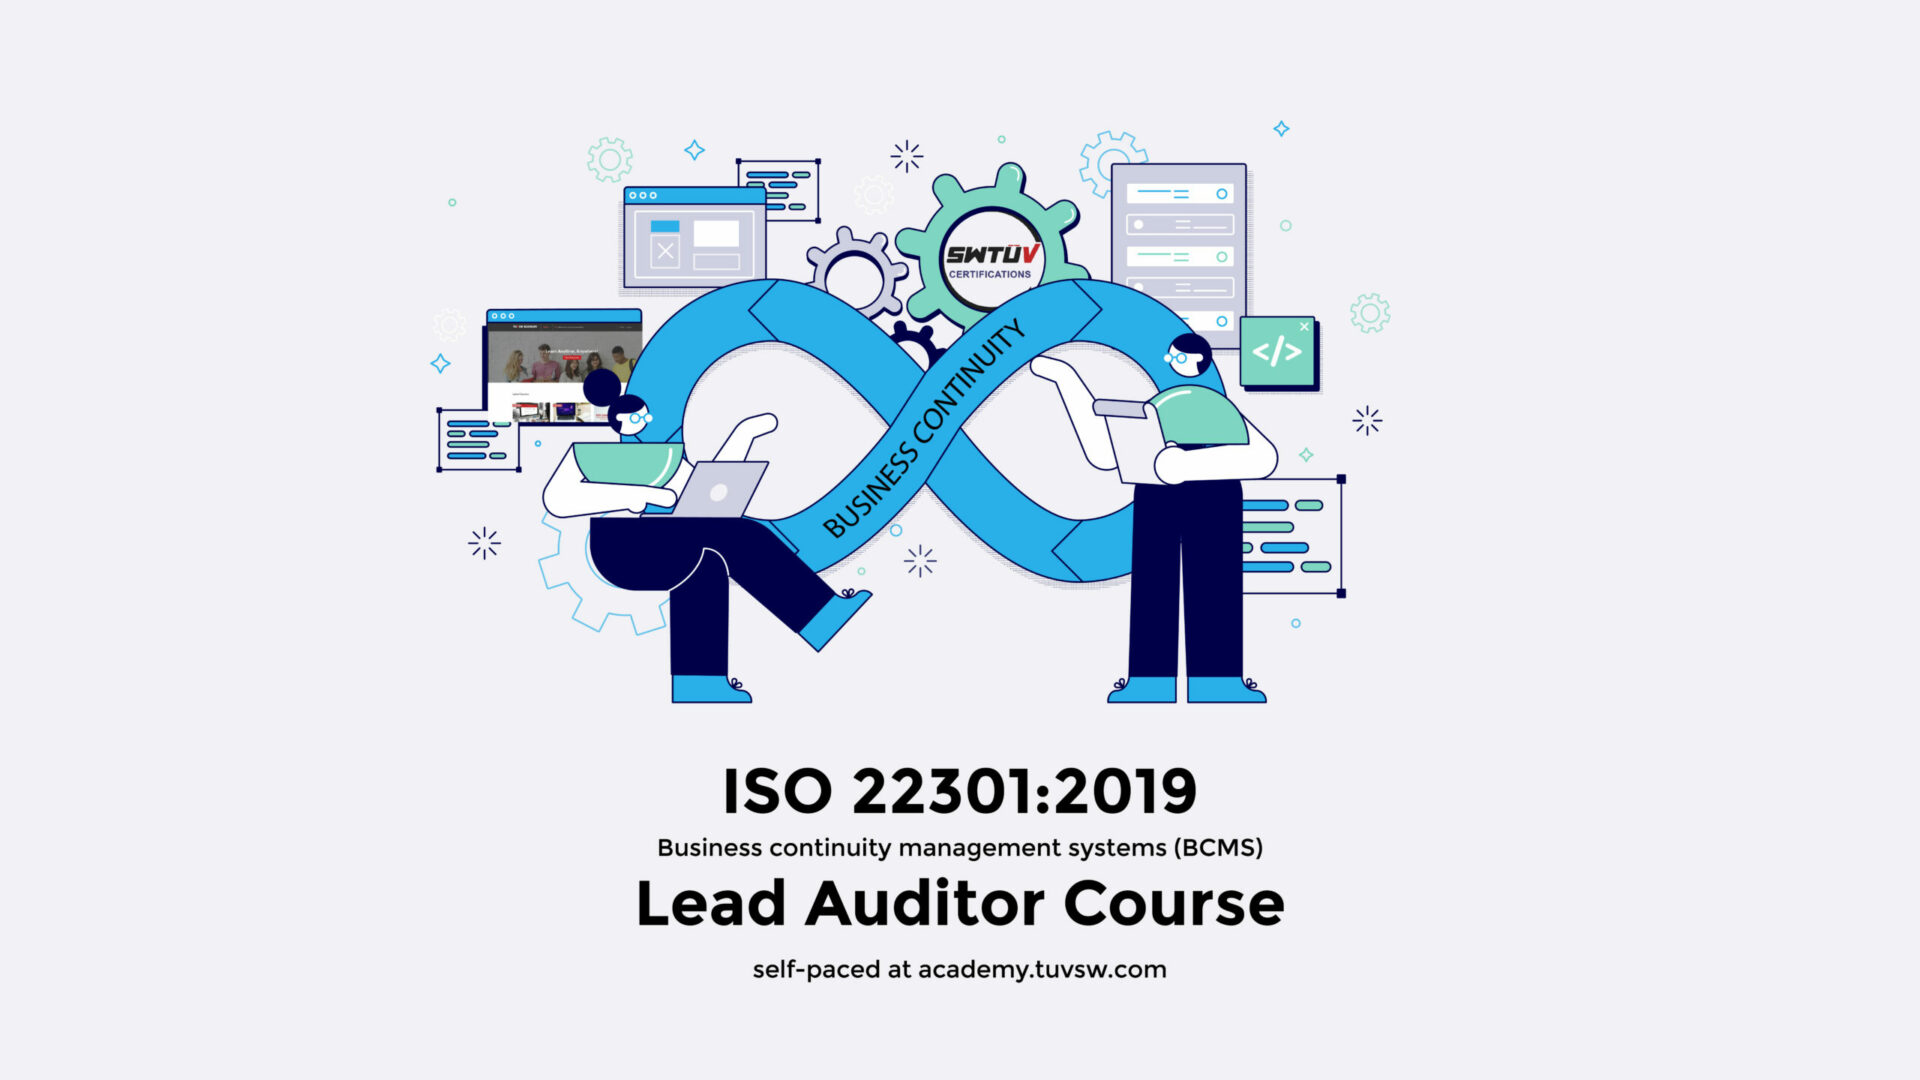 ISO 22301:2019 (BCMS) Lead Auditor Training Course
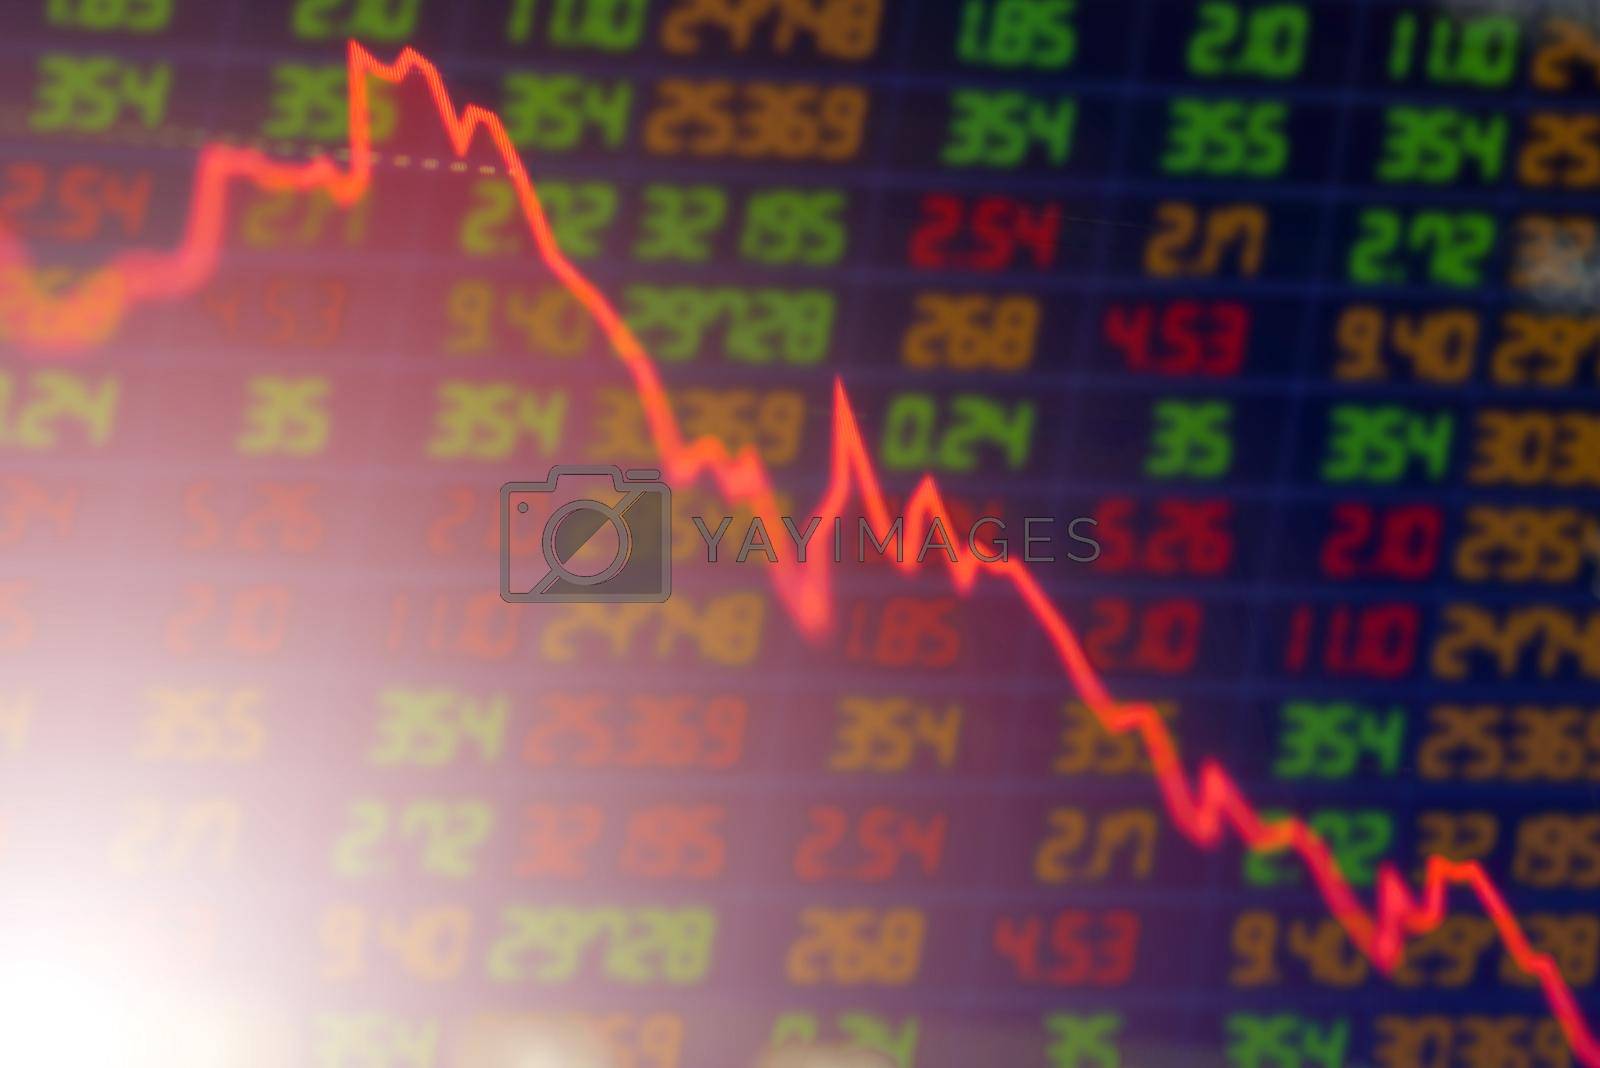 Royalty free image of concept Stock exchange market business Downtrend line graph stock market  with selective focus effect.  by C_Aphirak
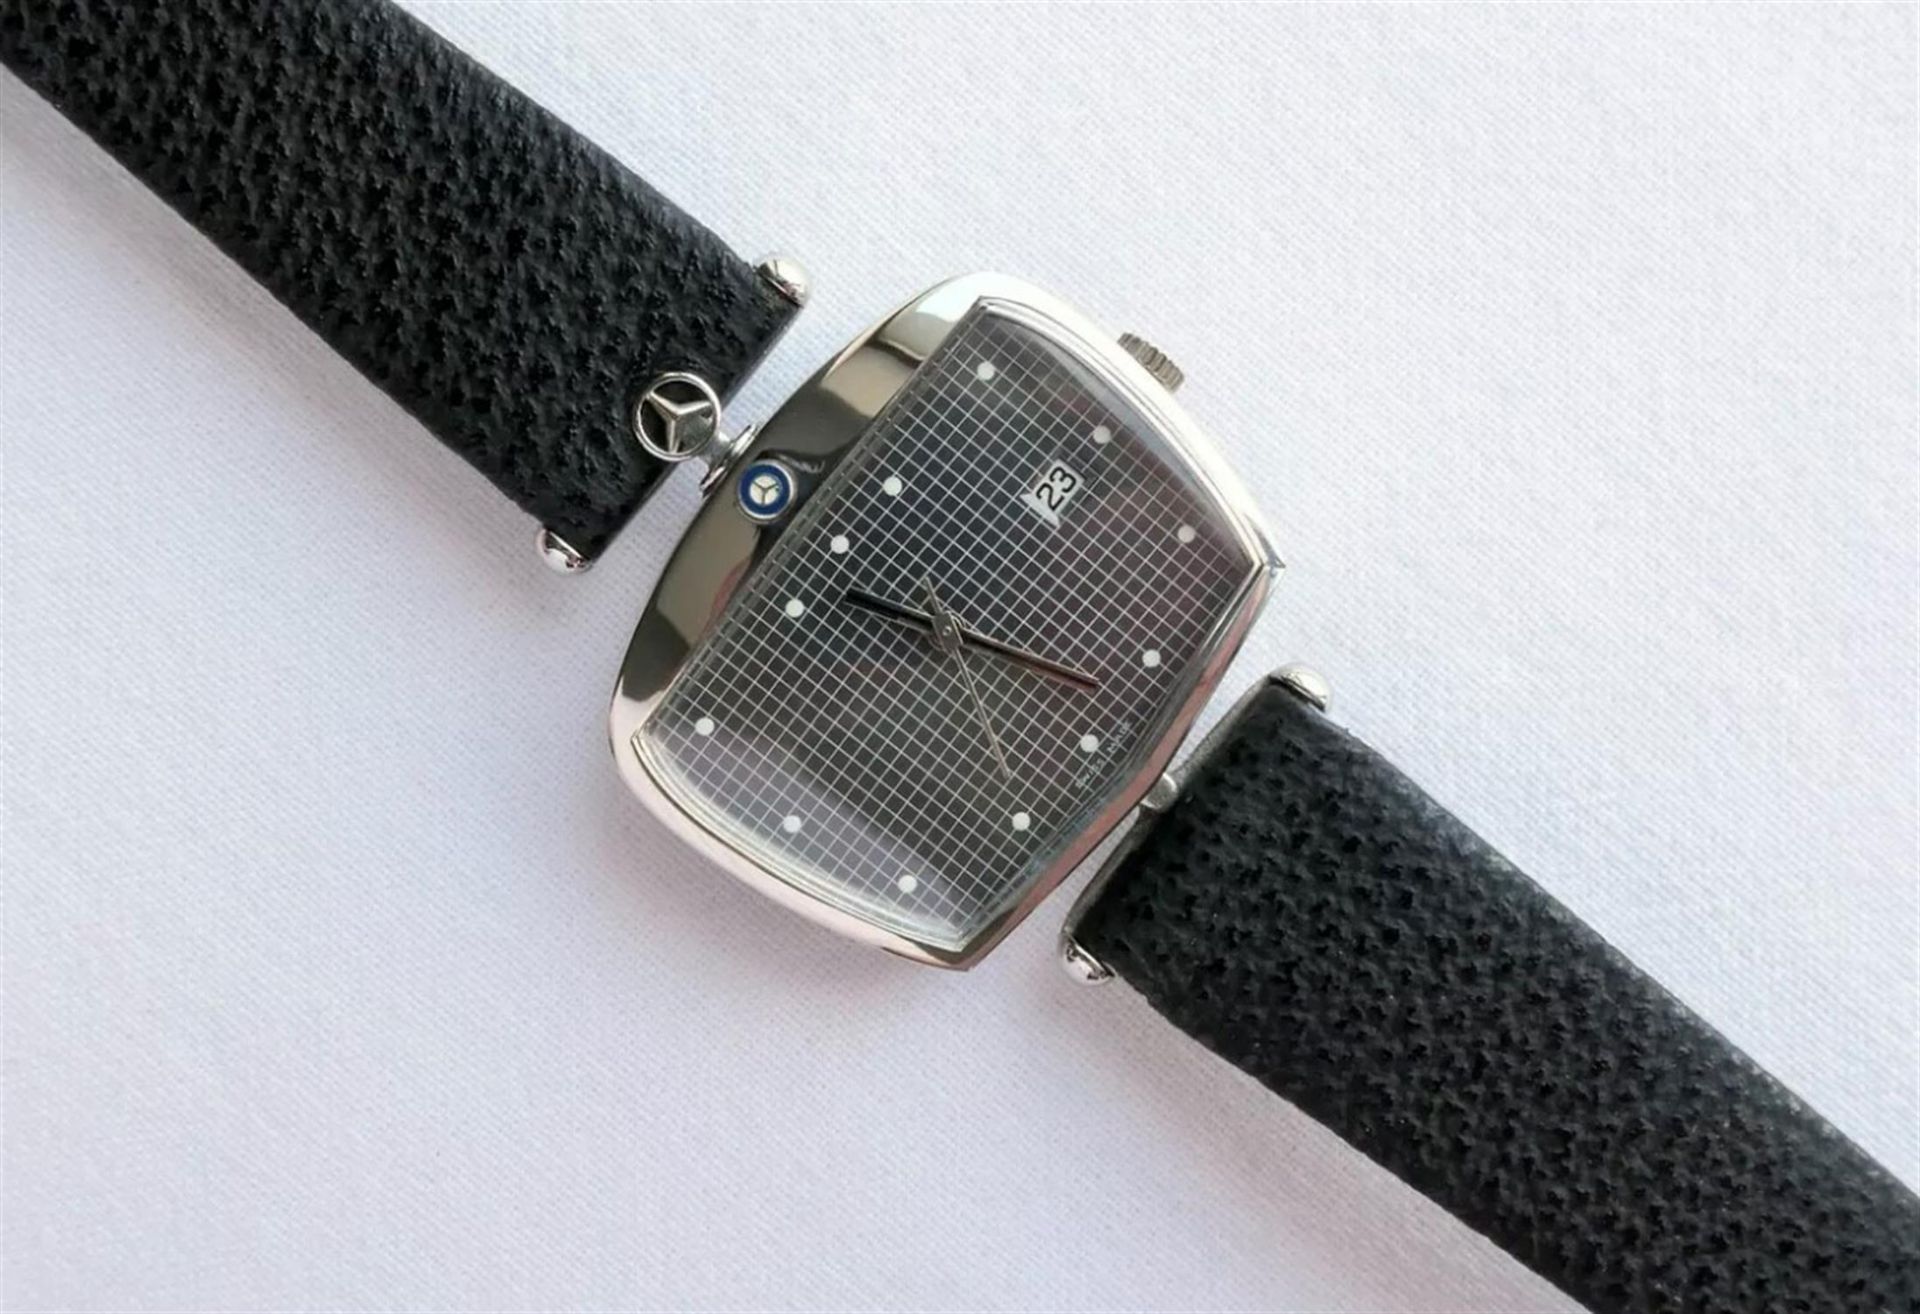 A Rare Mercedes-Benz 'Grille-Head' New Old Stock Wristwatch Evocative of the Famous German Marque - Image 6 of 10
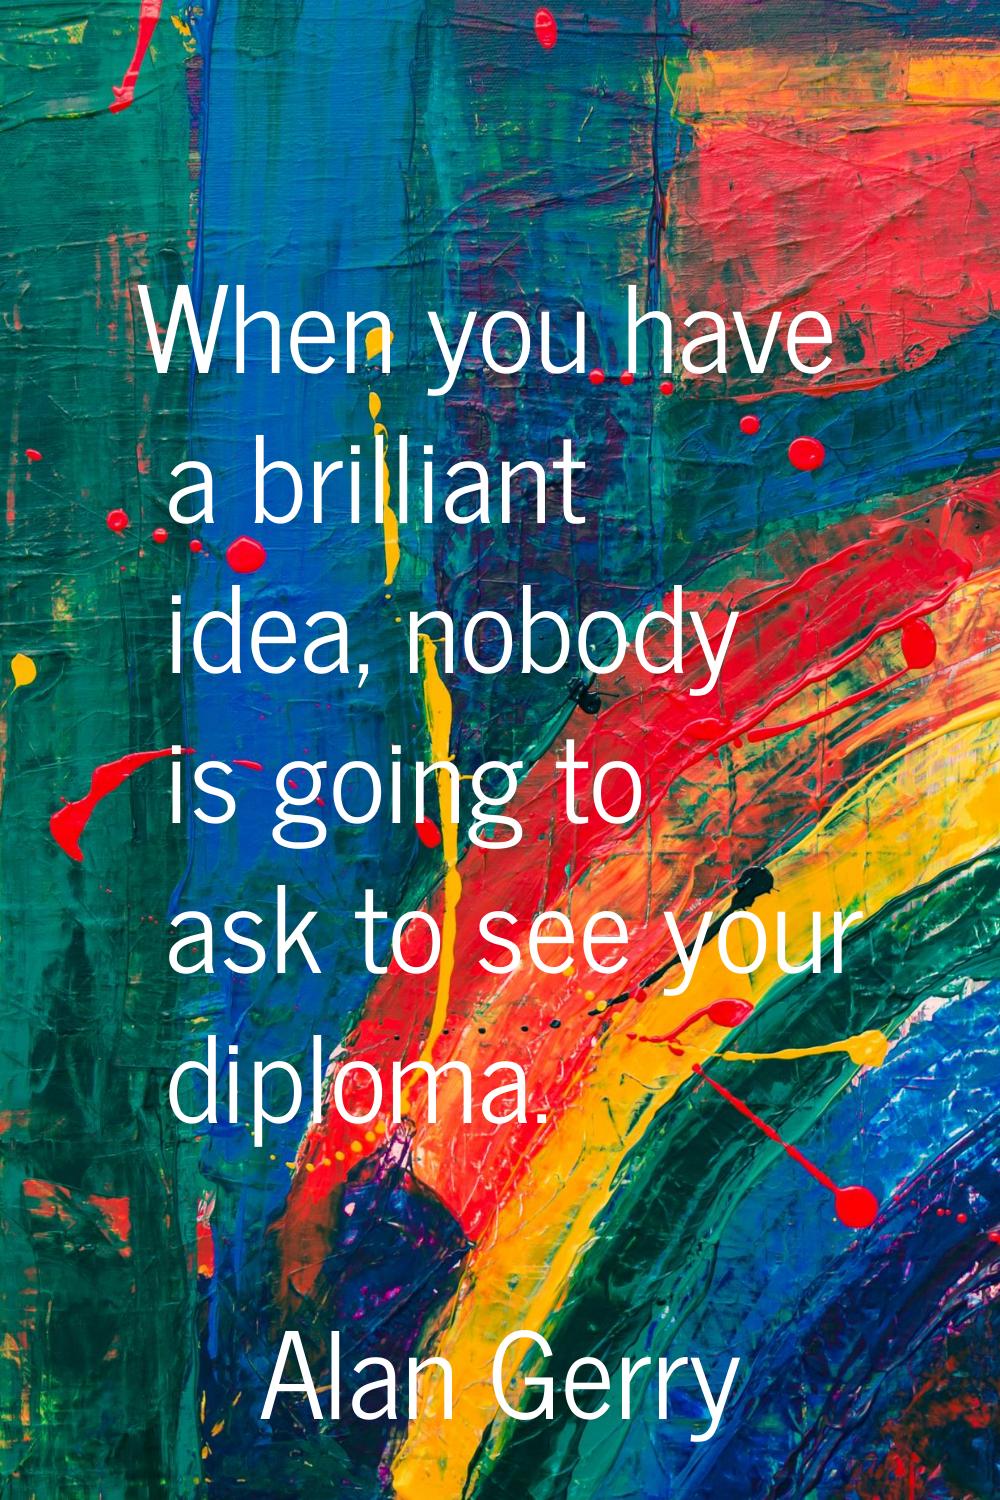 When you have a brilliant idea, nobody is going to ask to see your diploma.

====================

## Your instructions
Could you retype exactly, and only, the lines running from the one with "A Rare Mercedes-Benz" to the last line of the listing, while leaving any pictures out?

## The answer
 A Rare Mercedes-Benz 'Grille-Head' New Old Stock Wristwatch Evocative of the Famous German Marque - Image 6 of 10
 When you have a brilliant idea, nobody is going to ask to see your diploma.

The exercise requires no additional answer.